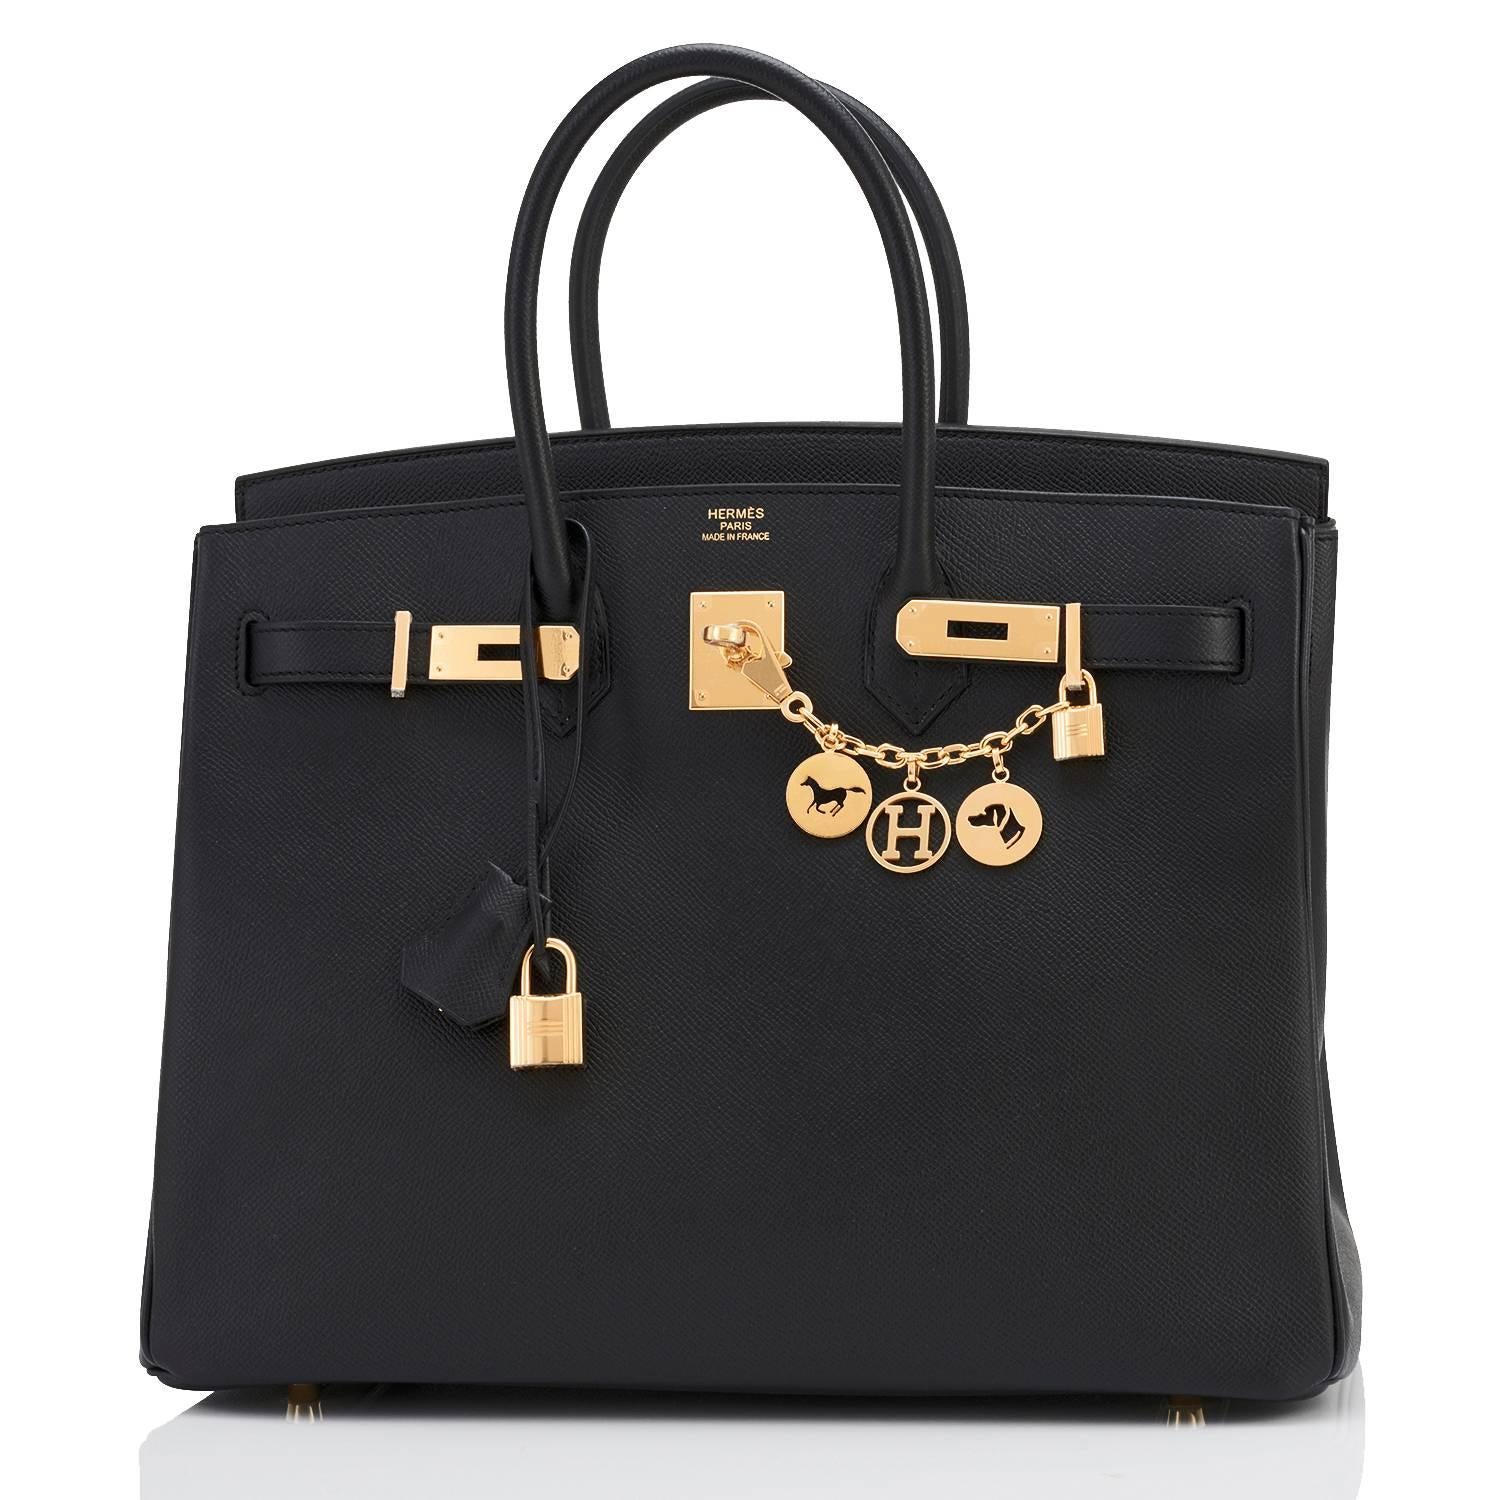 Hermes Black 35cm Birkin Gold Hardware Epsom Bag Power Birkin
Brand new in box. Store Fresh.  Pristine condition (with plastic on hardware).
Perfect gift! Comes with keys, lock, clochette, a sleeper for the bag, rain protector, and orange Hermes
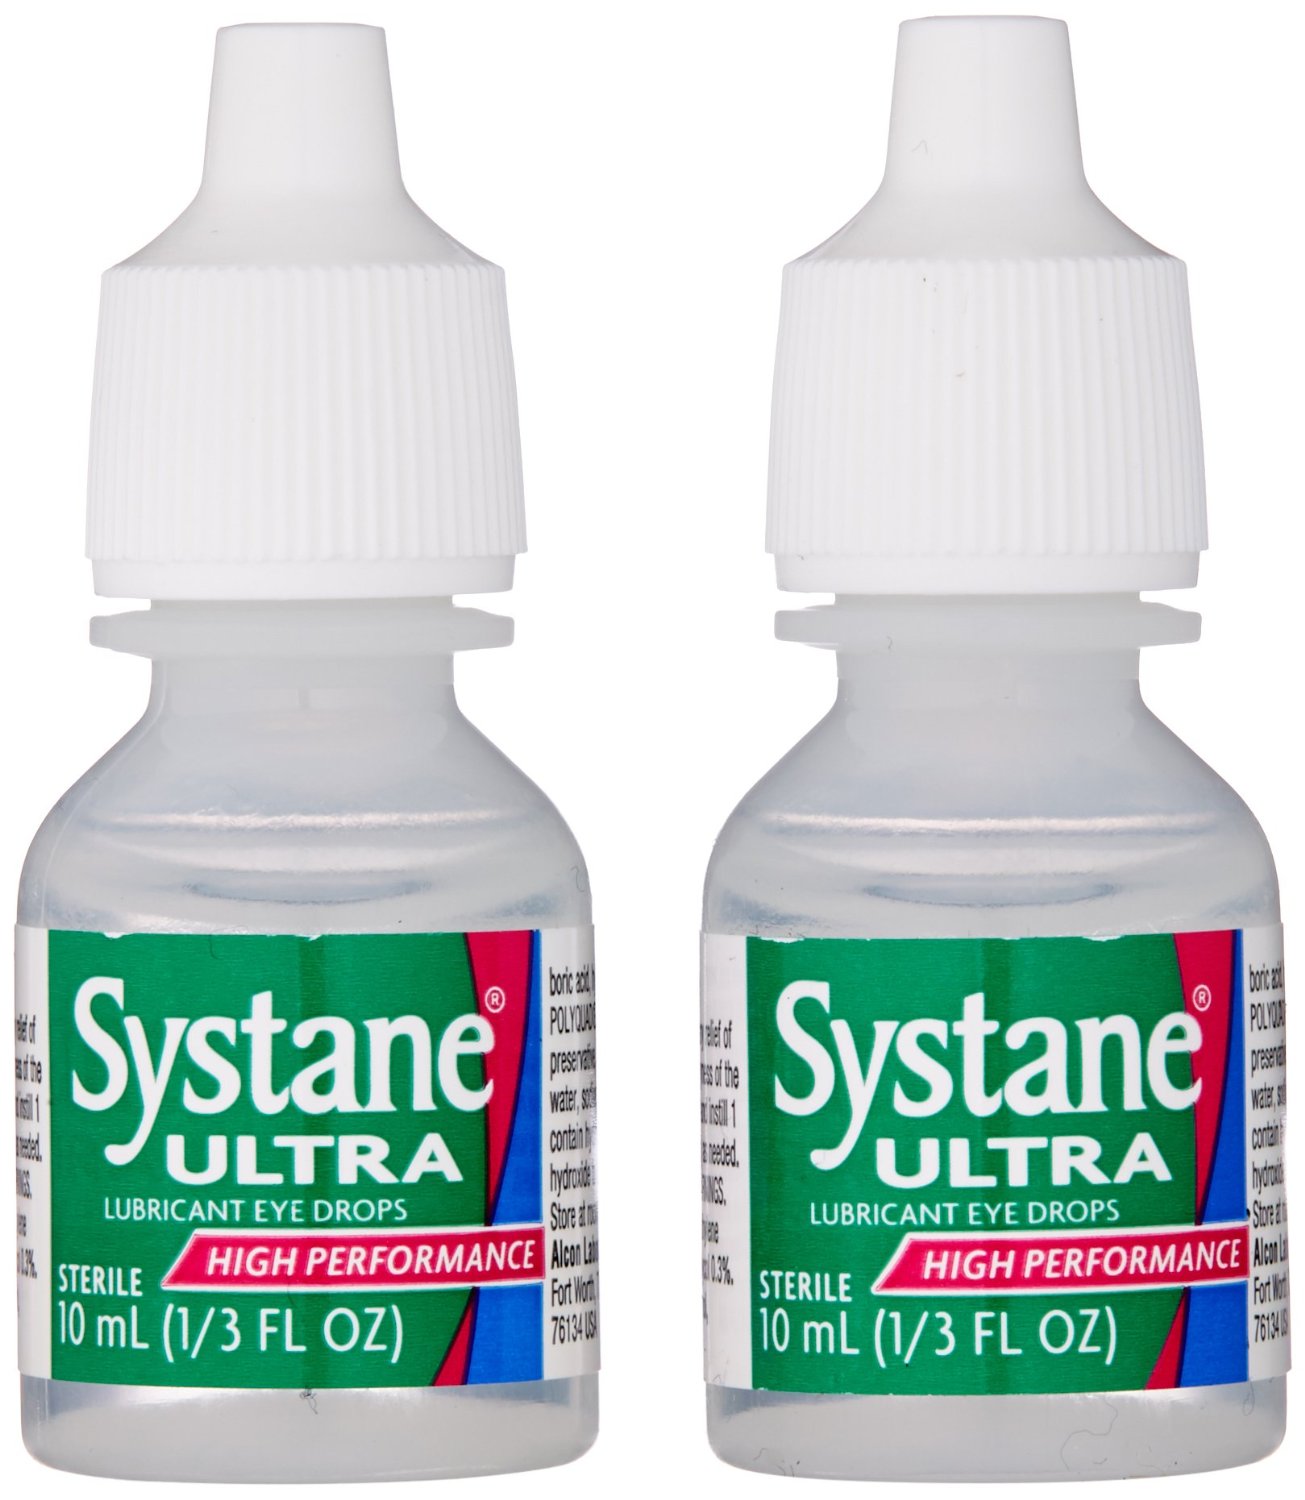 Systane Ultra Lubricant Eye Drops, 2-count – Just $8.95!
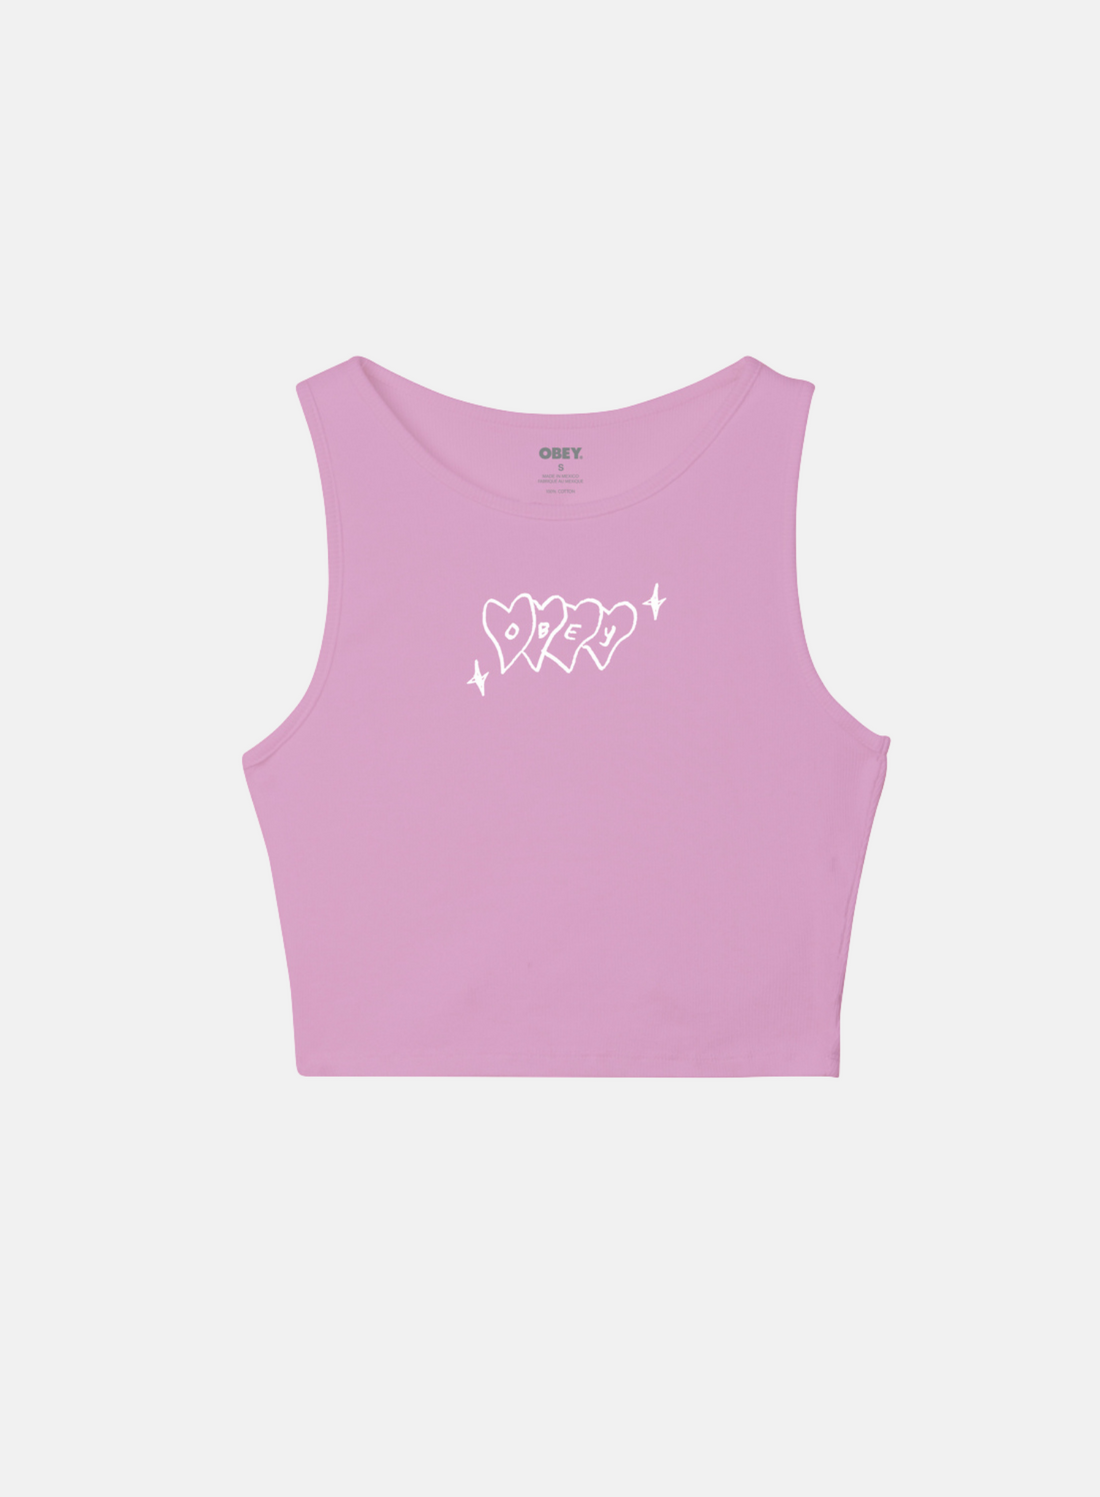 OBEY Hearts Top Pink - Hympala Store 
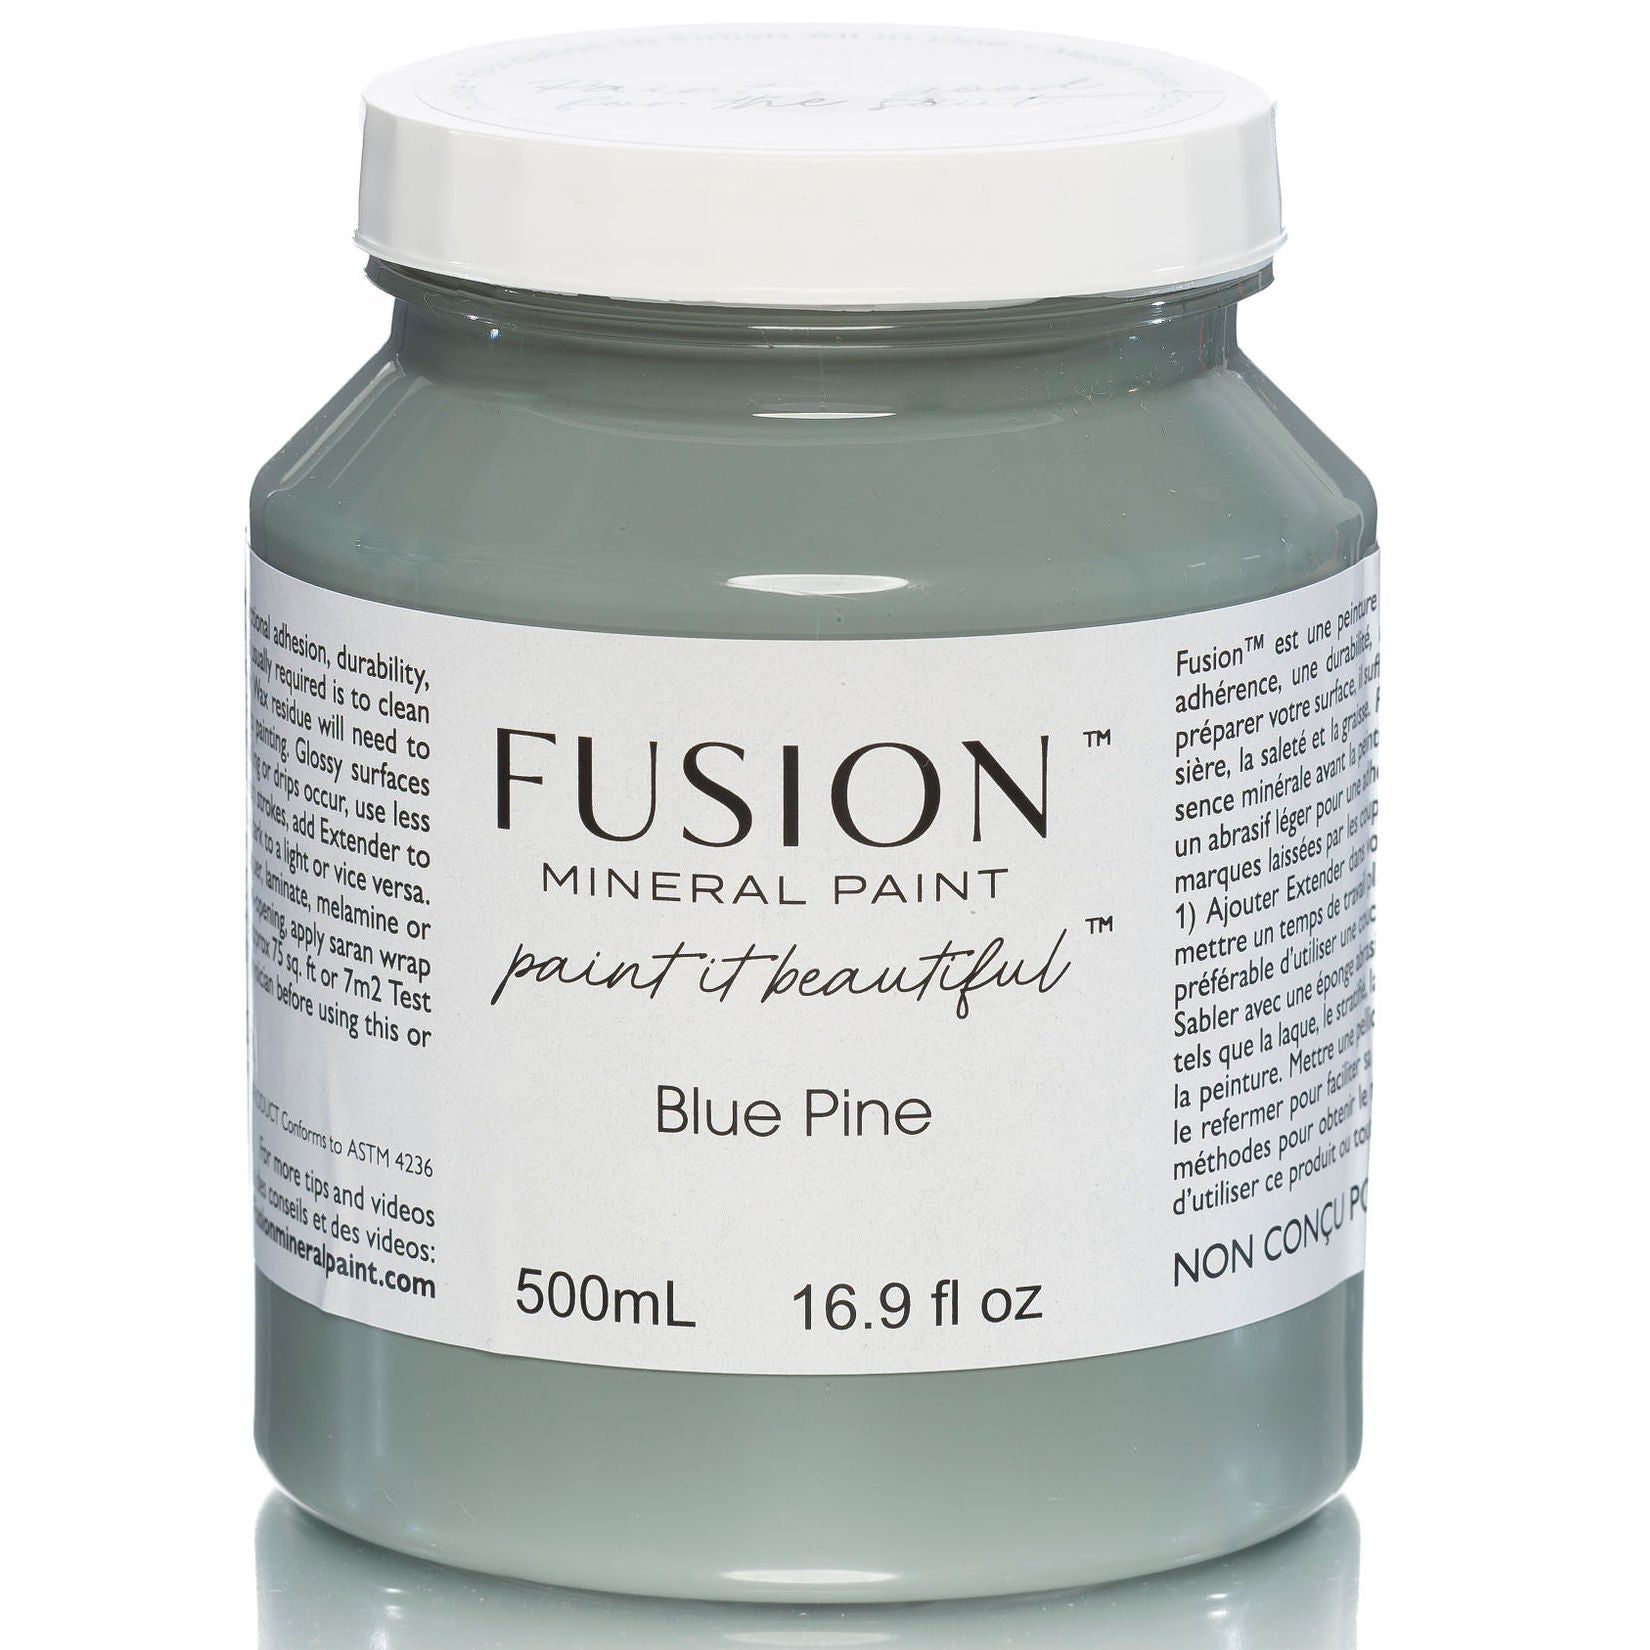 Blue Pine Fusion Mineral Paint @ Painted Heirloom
________________________
_Goal of the exercise:_
Write out exactly the lines from the one containing "OBEY Hearts Top Pink - Hympala Store" through the last line of the records above, both ends included, and leave out any pictures.

_Final answer:_
 OBEY Hearts Top Pink - Hympala Store 
 Blue Pine Fusion Mineral Paint @ Painted Heirloom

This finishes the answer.